Publié : 9h15 par Alicia Méchin

Crédit image: Pixabay

Ces derniers jours, des révélations sur des cas de maltraitance en foyer éclatent. Des enfants sont « tondus » en guise de punition.

En février dernier, dans un foyer accueillant des enfants placés, des éducateurs se sont filmés en train de raser la tête d’un garçon de huit ans pour le punir. Une scène d’une violence symbolique extrême, largement relayée et condamnée. Mais loin d’être un cas isolé, cette pratique semble révéler un malaise plus profond : hier encore, deux nouveaux cas d’enfants tondus ont été signalés dans un autre foyer parisien. La justice est désormais saisie.

Mais comment un acte aussi violent et absurde peut arriver dans un lieu censé protéger les enfants ?

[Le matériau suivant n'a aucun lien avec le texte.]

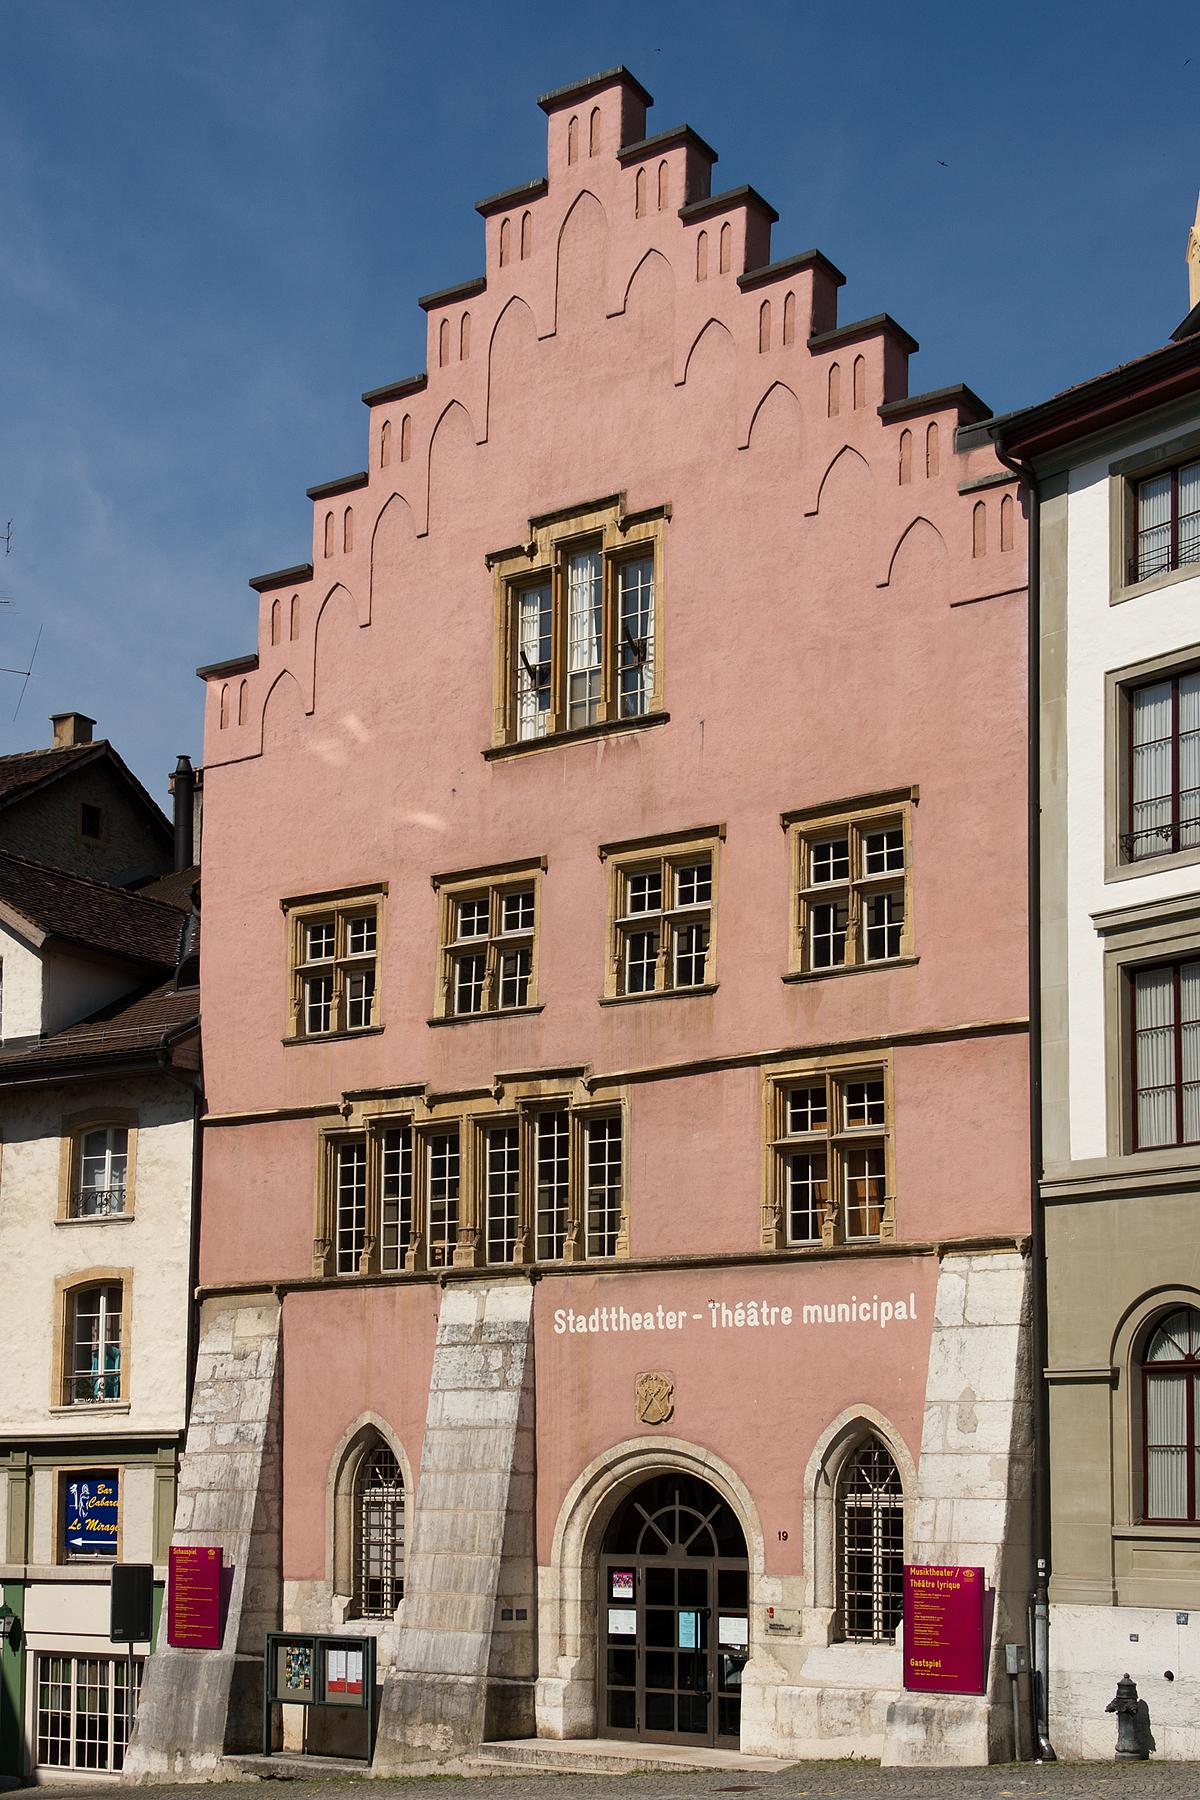 Das Stadttheater von Biel (BE), eines der Burghäuser

Pour comprendre, il faut se pencher sur le cadre juridique qui régit les foyers de l’Aide sociale à l’enfance. Ces établissements sont encadrés par le Code de l’action sociale et des familles (CASF). Sur le papier, le texte est clair sur un point essentiel : toute forme de violence, d’atteinte à la dignité ou d’humiliation est strictement interdite. Les enfants doivent être protégés, respectés et accompagnés.

Mais derrière cette affirmation de principe se cache un problème majeur, largement méconnu du grand public : le CASF interdit tout, mais n’encadre presque rien. Contrairement à d’autres institutions comme l’Éducation nationale ou l’administration pénitentiaire, la loi ne précise jamais quelles sanctions éducatives sont autorisées ni dans quelles conditions elles doivent être appliquées. Il n’existe aucune liste officielle, aucune procédure écrite, aucun cadre commun.

En pratique, cela signifie que les éducateurs se retrouvent seuls face à des situations souvent complexes, avec des enfants parfois en grande détresse psychologique. Faute de règles claires, chacun improvise selon sa propre conception de l’autorité et de la discipline. Ce vide normatif ouvre la porte à des dérives graves, où des actes illégaux peuvent être perçus, à tort, comme des « réponses éducatives ».

Un second flou juridique aggrave encore la situation : celui du contrôle des établissements. Le CASF prévoit bien que les foyers sont soumis au contrôle du département. Mais la loi ne fixe aucune fréquence obligatoire pour ces contrôles. Il n’existe ni inspections annuelles imposées, ni visites inopinées systématiques. Concrètement, un foyer peut fonctionner pendant des années sans qu’aucune autorité extérieure n’observe réellement le quotidien des enfants et des équipes.

Ce manque de supervision favorise l’installation de pratiques abusives, qui peuvent perdurer sans être détectées ni signalées. Les enfants, souvent déjà fragilisés, sont alors les premières victimes de ce système défaillant.

Au final, ces affaires ne relèvent pas uniquement de comportements individuels condamnables. Elles révèlent un problème structurel : un cadre légal qui combine un vide total sur les sanctions autorisées et une absence de contrôles réguliers. Tant que ce flou juridique persistera, il continuera de créer les conditions permettant à des pratiques illégales et violentes de s’installer dans des lieux pourtant censés garantir la sécurité et la dignité des enfants.